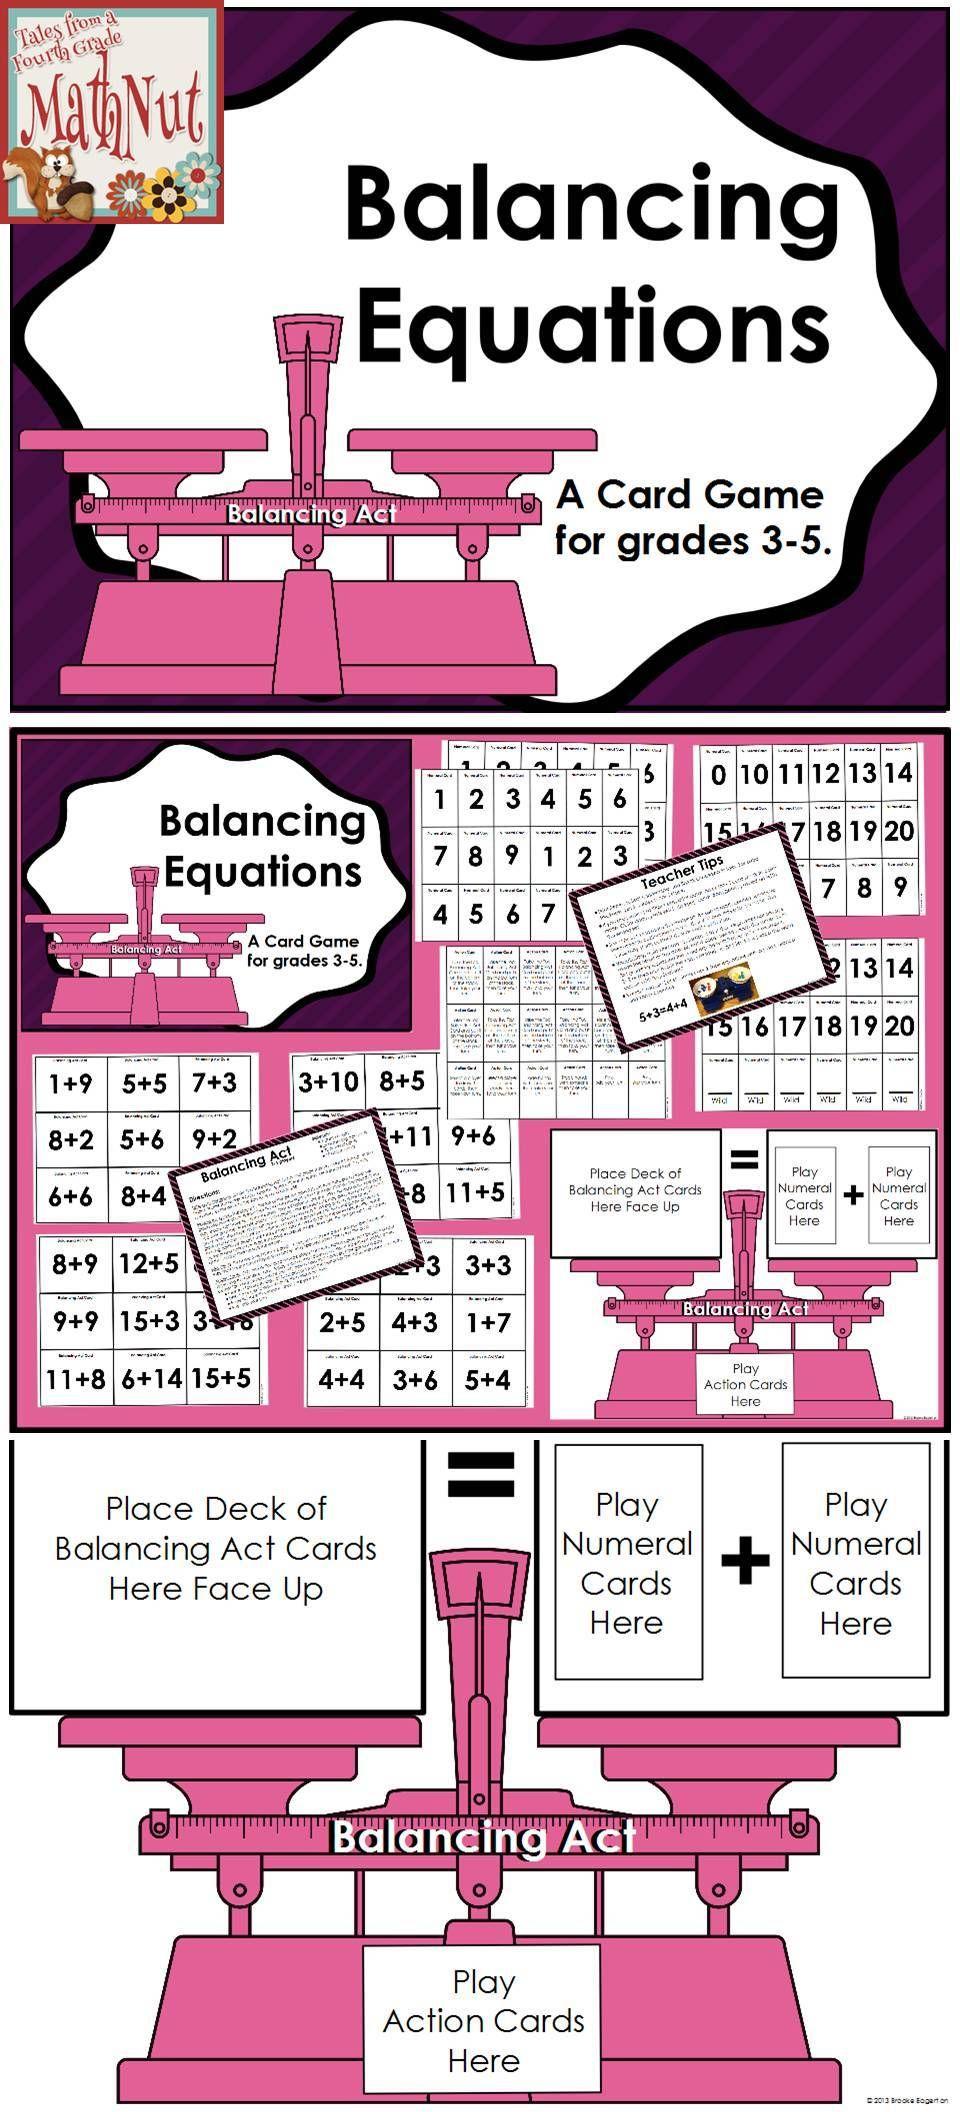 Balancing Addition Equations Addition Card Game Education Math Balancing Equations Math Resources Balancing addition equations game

━━━━━━━━━━━━━━━━

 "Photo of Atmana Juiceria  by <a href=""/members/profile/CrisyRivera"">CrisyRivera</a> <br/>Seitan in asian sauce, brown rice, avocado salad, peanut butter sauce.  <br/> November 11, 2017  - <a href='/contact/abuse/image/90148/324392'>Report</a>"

━━━━━━━━━━━━━━━━

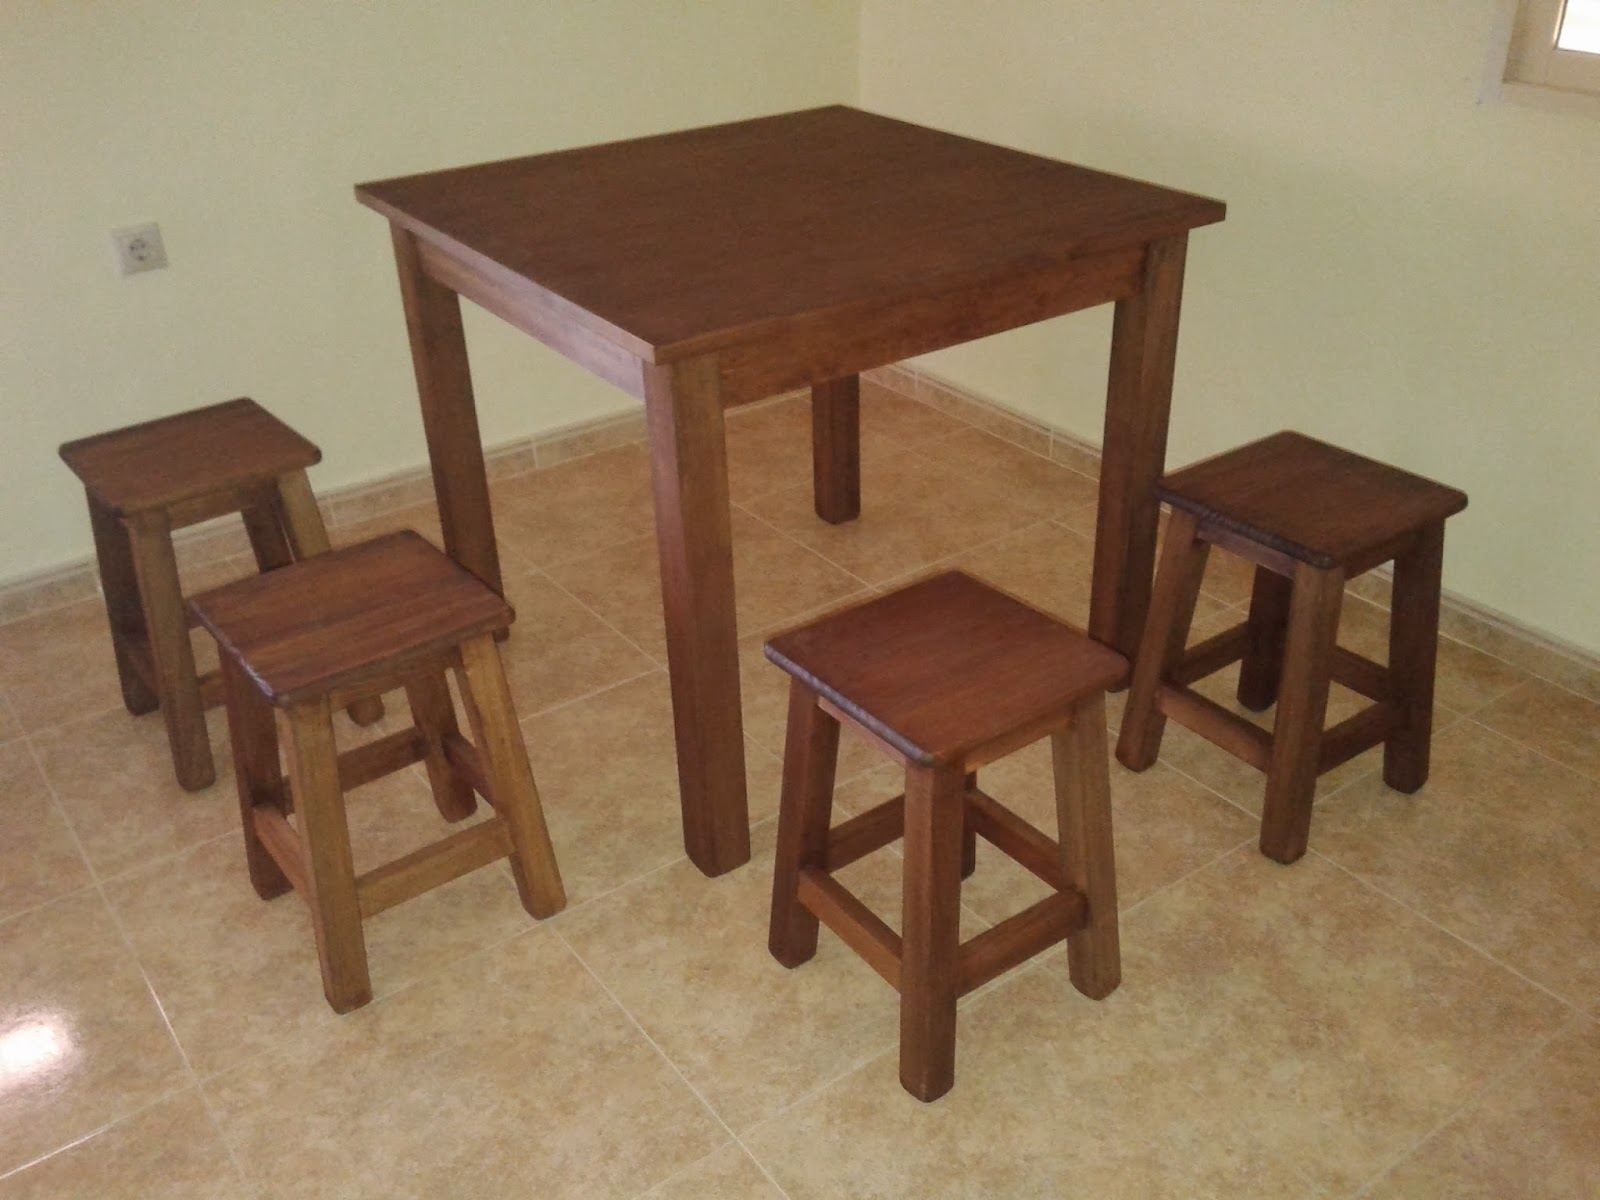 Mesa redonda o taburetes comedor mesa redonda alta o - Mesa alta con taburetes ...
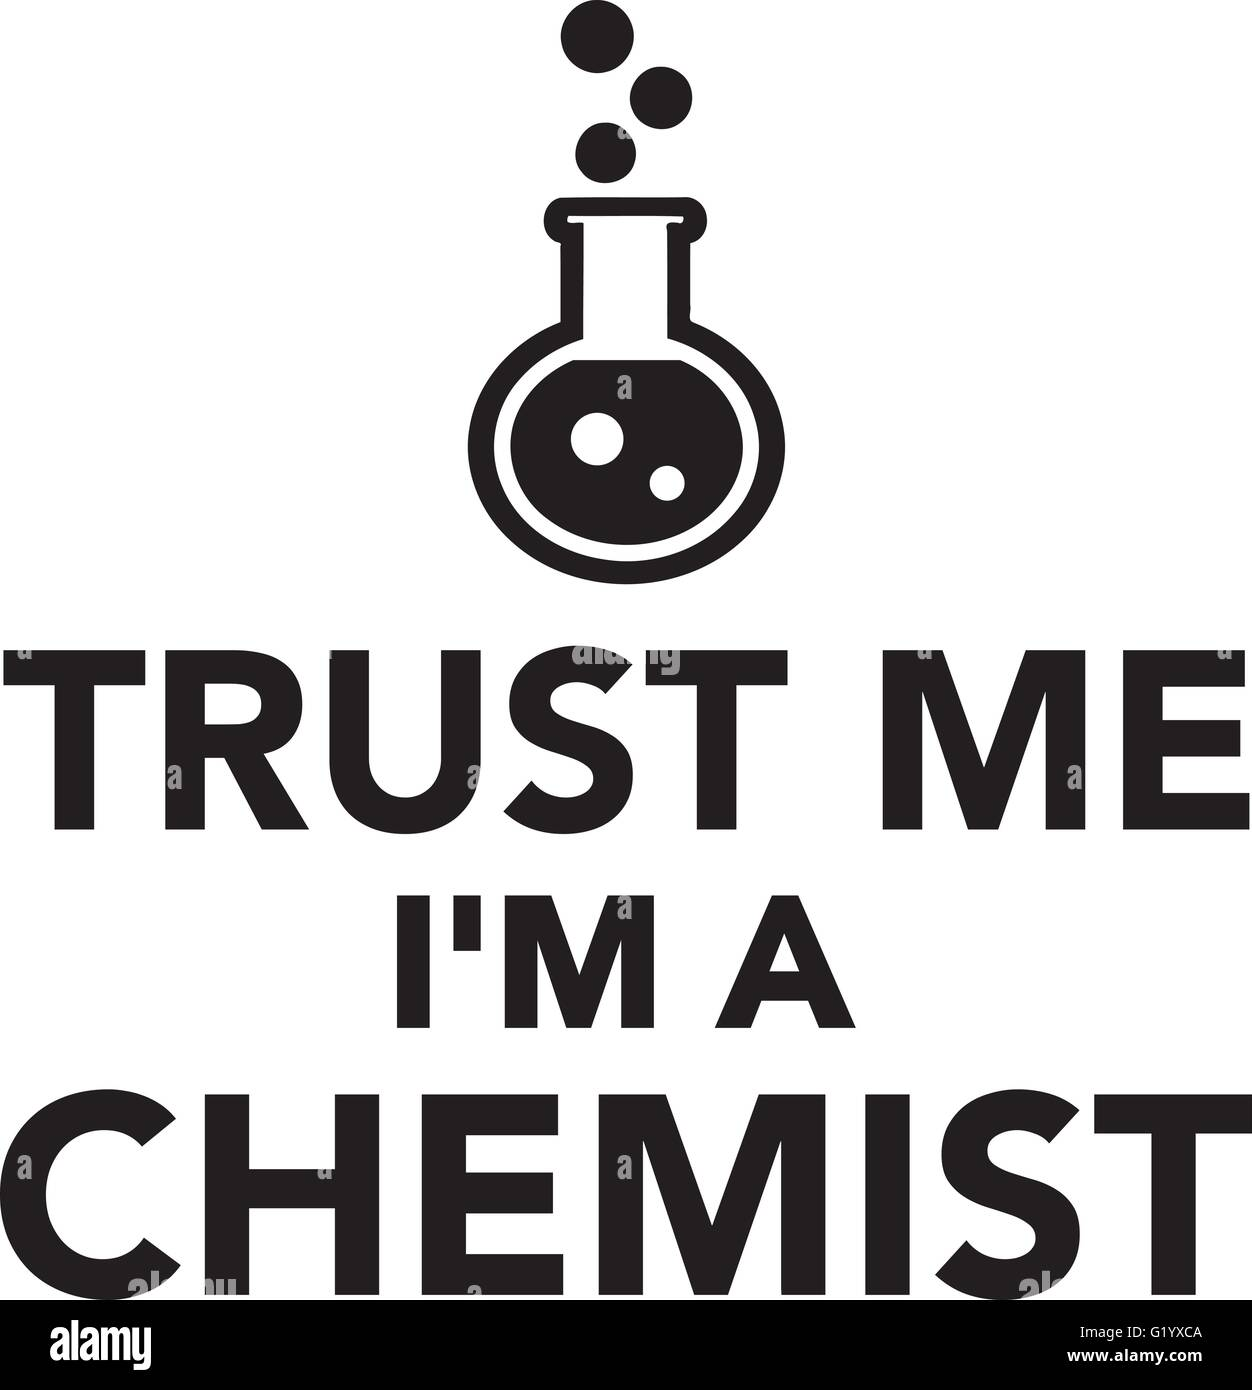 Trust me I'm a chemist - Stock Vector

━━━━━━━━━━━━━━━━

* [Exercise details]
Look above for the line with "Mesa redonda o" and the line with "Trust me I'm a chemist - Stock Vector". Give again exactly those two lines and all lines between them, pictures excluded.

* [Solution for this problem]
 Mesa redonda o taburetes comedor mesa redonda alta o - Mesa alta con taburetes ...
 Trust me I'm a chemist - Stock Vector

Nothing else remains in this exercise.